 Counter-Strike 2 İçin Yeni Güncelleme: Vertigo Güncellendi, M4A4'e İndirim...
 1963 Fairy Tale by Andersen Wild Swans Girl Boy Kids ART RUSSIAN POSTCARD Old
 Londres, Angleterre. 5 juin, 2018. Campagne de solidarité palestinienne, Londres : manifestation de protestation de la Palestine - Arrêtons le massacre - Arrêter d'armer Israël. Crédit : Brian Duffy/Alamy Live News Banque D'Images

= = = =

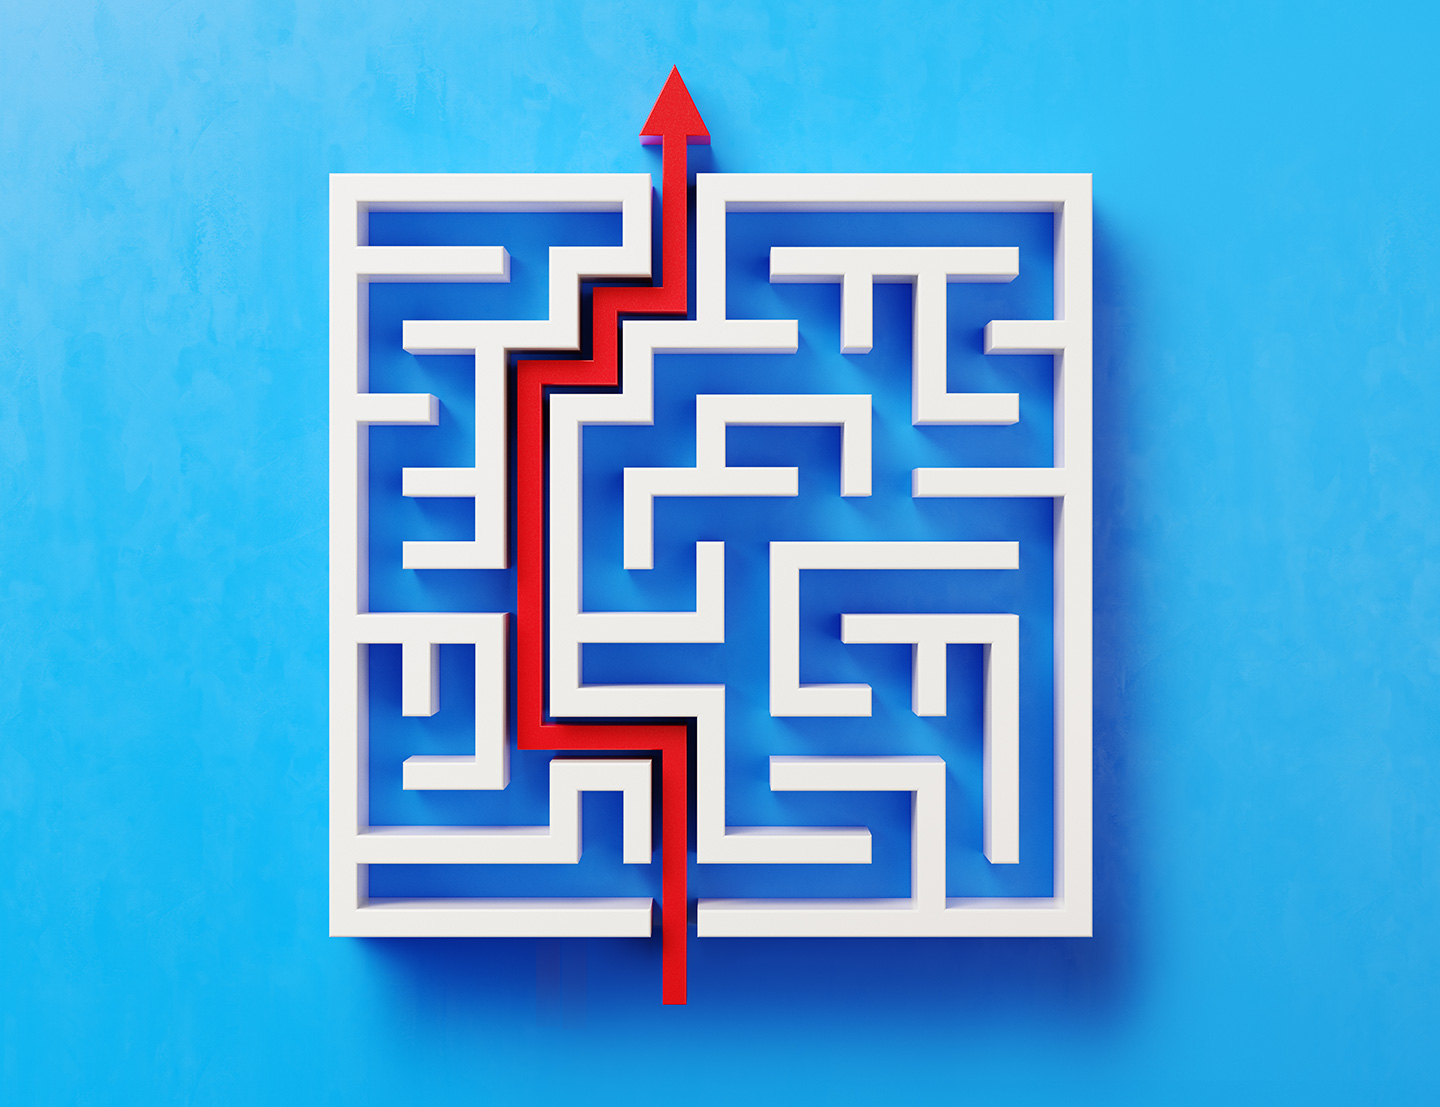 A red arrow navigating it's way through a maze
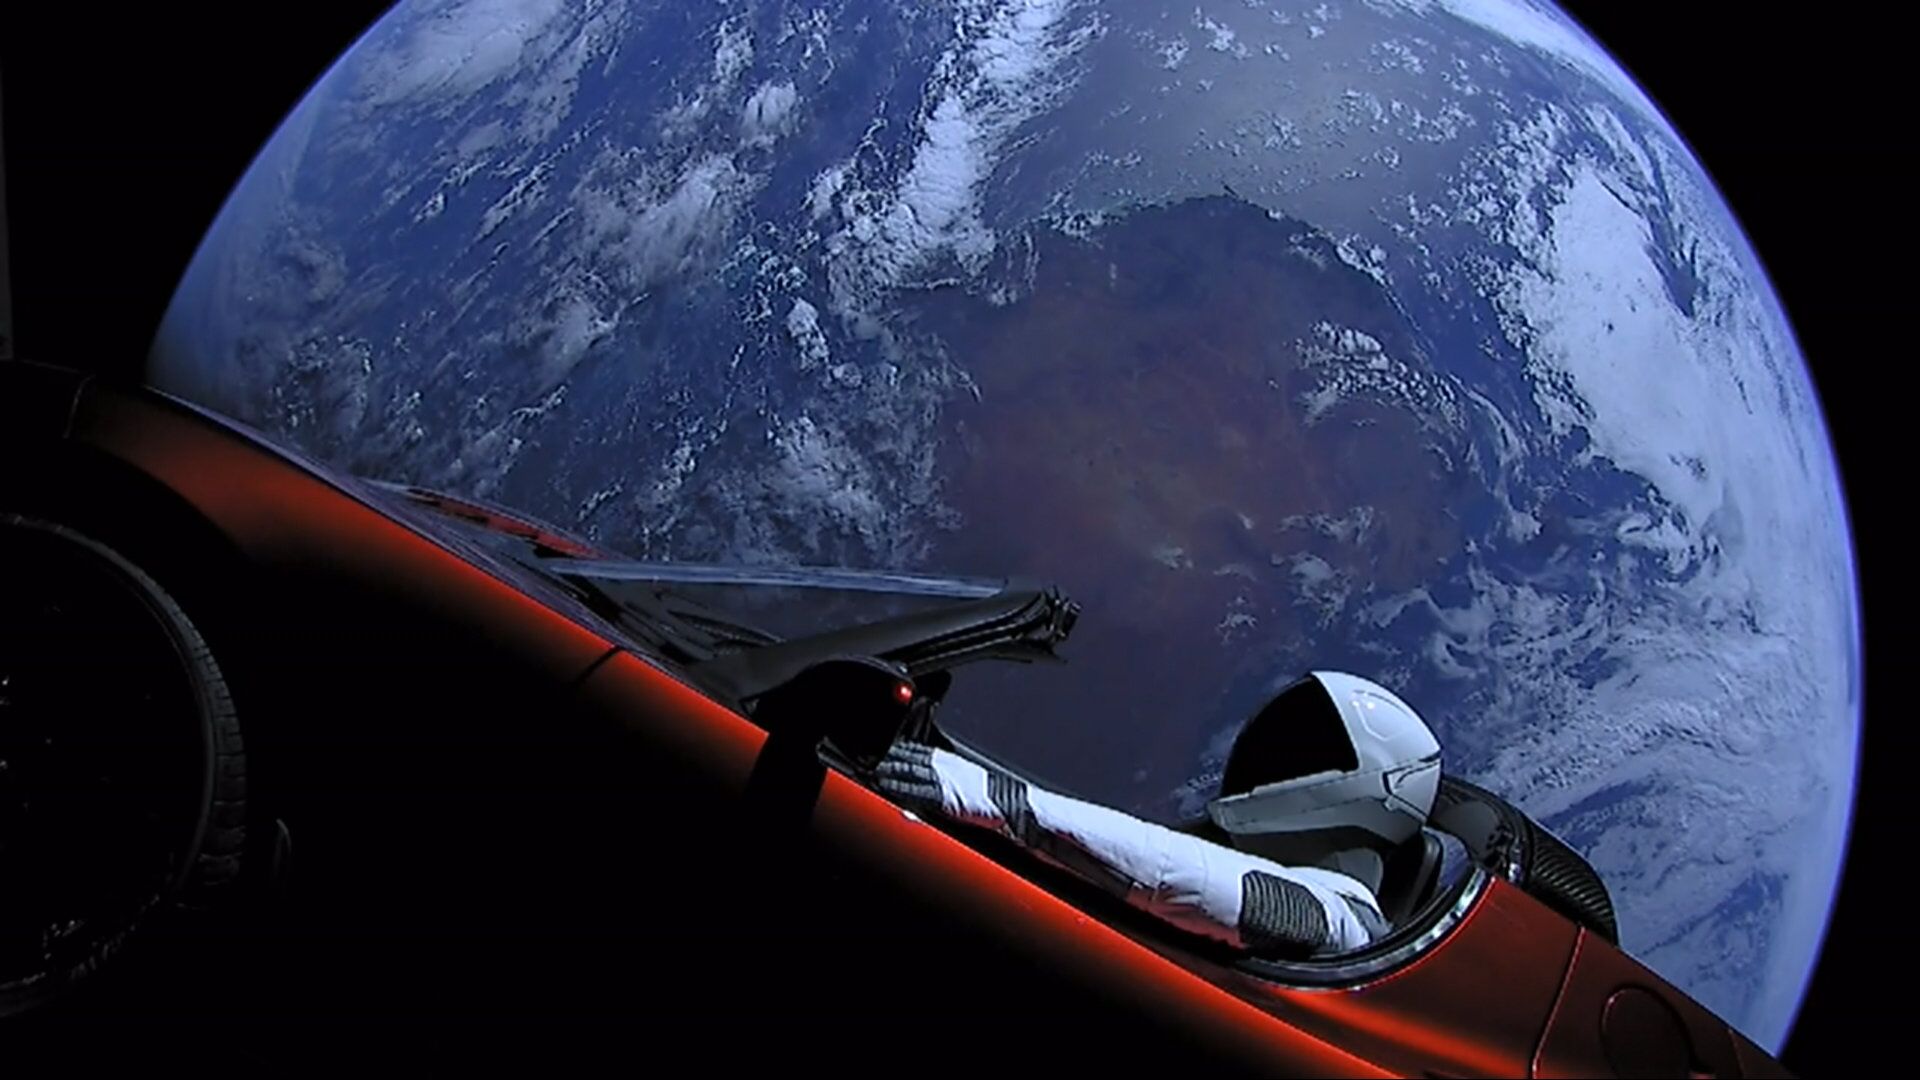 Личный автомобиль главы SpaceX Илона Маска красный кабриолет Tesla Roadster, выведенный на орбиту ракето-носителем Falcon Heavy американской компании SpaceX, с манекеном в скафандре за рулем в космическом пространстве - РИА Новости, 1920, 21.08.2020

= = = =

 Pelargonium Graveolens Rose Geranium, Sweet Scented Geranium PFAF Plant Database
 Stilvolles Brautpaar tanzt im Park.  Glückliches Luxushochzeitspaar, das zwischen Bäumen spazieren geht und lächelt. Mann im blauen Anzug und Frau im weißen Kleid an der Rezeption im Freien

= = = =

= WORK ORDER =
Scan the lines above for "1963 Fairy Tale" and for "Londres, Angleterre. 5". Repeat exactly the line holding each of them and every line in between.

= SOLUTION TO THIS TASK =
 1963 Fairy Tale by Andersen Wild Swans Girl Boy Kids ART RUSSIAN POSTCARD Old
 Londres, Angleterre. 5 juin, 2018. Campagne de solidarité palestinienne, Londres : manifestation de protestation de la Palestine - Arrêtons le massacre - Arrêter d'armer Israël. Crédit : Brian Duffy/Alamy Live News Banque D'Images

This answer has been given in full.